# [plt-scheme] Dracula 2.4 and DoubleCheck

I am pleased to announce the release of Dracula version 2.4 and the
new DoubleCheck book for Dracula.
Dracula is the ACL2 emulation language for DrScheme. Version 2.4
includes the speed improvements from version 2.1, several bug fixes
and documentation updates, and the new DoubleCheck book.

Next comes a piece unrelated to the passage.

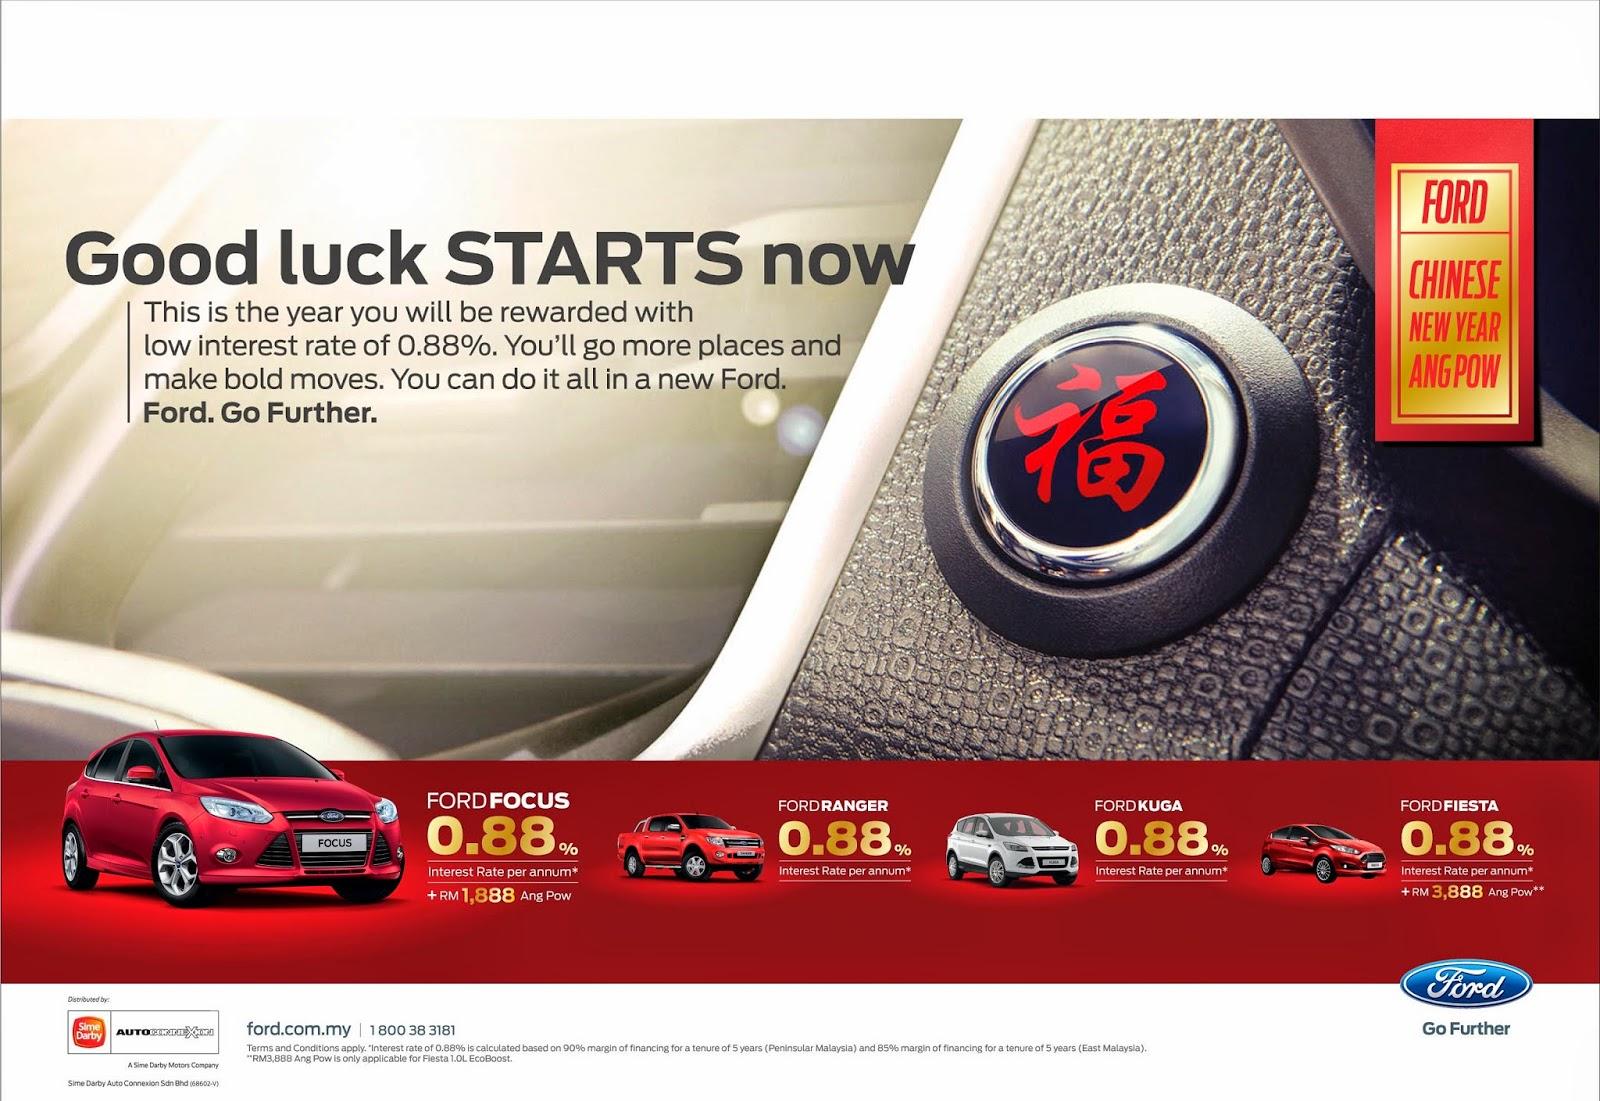 Ford Raikan Tahun Baru Cina Dengan Promosi Kadar Faedah Rendah 0 88 dan Rebat Tunai

More information on Dracula and DoubleCheck can be found at
http://www.ccs.neu.edu/home/cce/acl2/ and full documentation on
DoubleCheck can be found in the DrScheme Help Desk after installing
Dracula.
DoubleCheck is a library that provides randomized testing as a
supplement to theorem proving. It can be used to establish confidence
in a program before proving theorems, or after a failed proof attempt
to find counterexamples. DoubleCheck works by testing program
properties (potential theorems) with random values for each free
variable. Here is a sample DoubleCheck property:
;; Test whether the result of nth is actually a member of the given list.

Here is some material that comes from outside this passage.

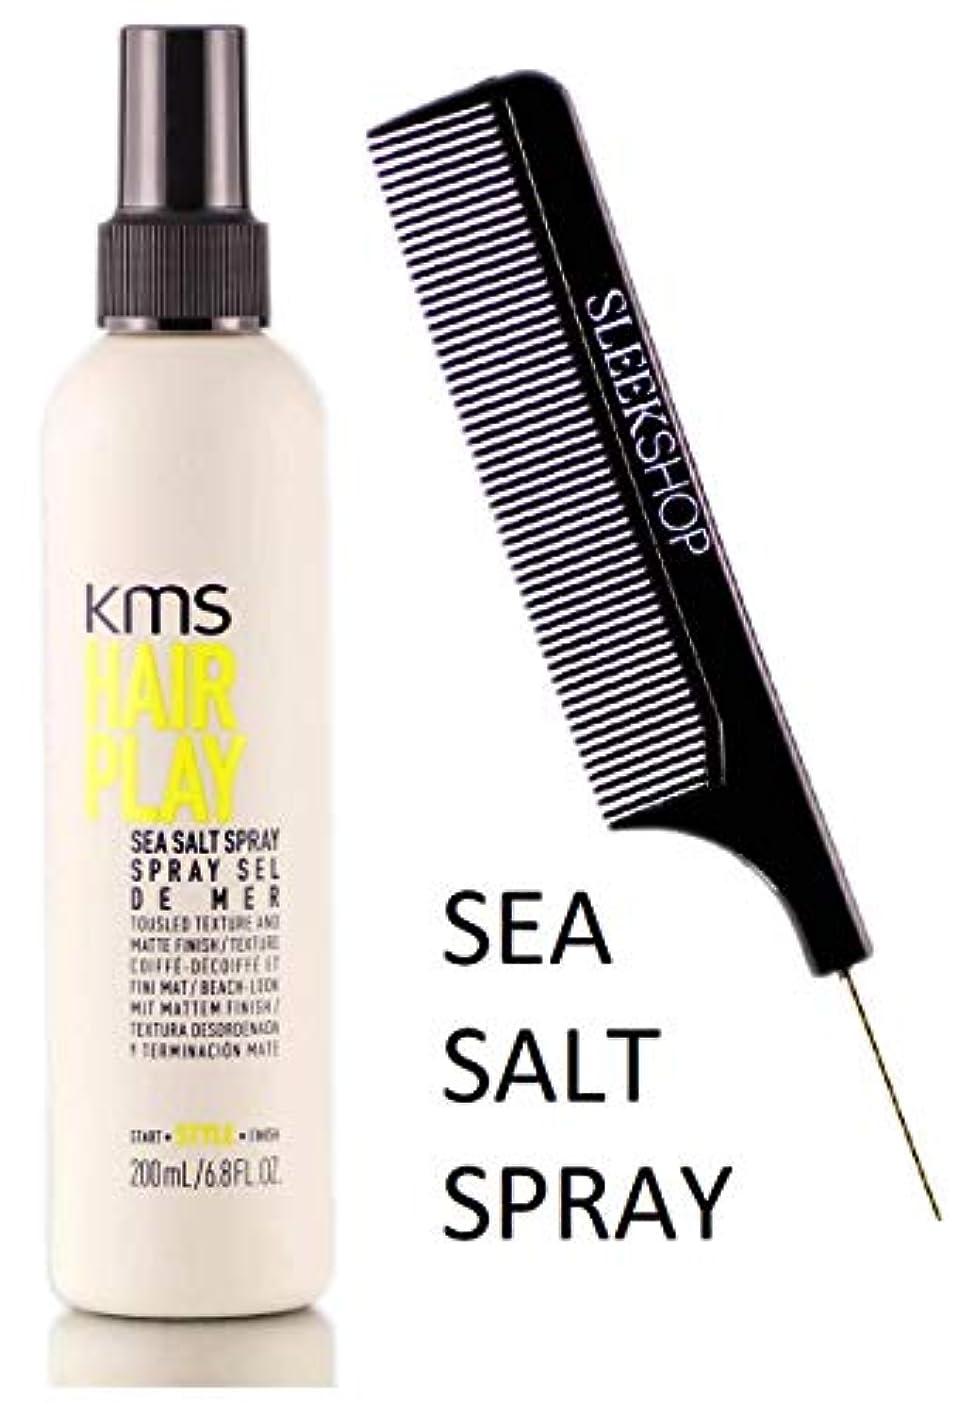 収益強制芽KMS 髪がSEA SALTスプレーを再生し、風になびく髪テクスチャ&マット仕上げ(STYLISTのKIT) 6.8オンス/ 200ミリリットル

(defproperty nth-produces-a-member 100
(;; Let lst be a list of between 1 and 10 symbols.
(lst (random-list-of (random-symbol) (random-int-between 1 10))
(symbol-listp lst))
;; Let idx be a valid index into lst.
(idx (random-int-between 0 (1- (len lst)))
(and (natp idx) (< idx (len lst)))))
;; Test whether (nth idx lst) is actually in lst.
(member-equal (nth idx lst) lst))
(check-properties)
Dracula records each property as it is defined. When the user calls
(check-properties), it runs each property multiple times (in this
case, 100) and reports the random values used in any failure cases.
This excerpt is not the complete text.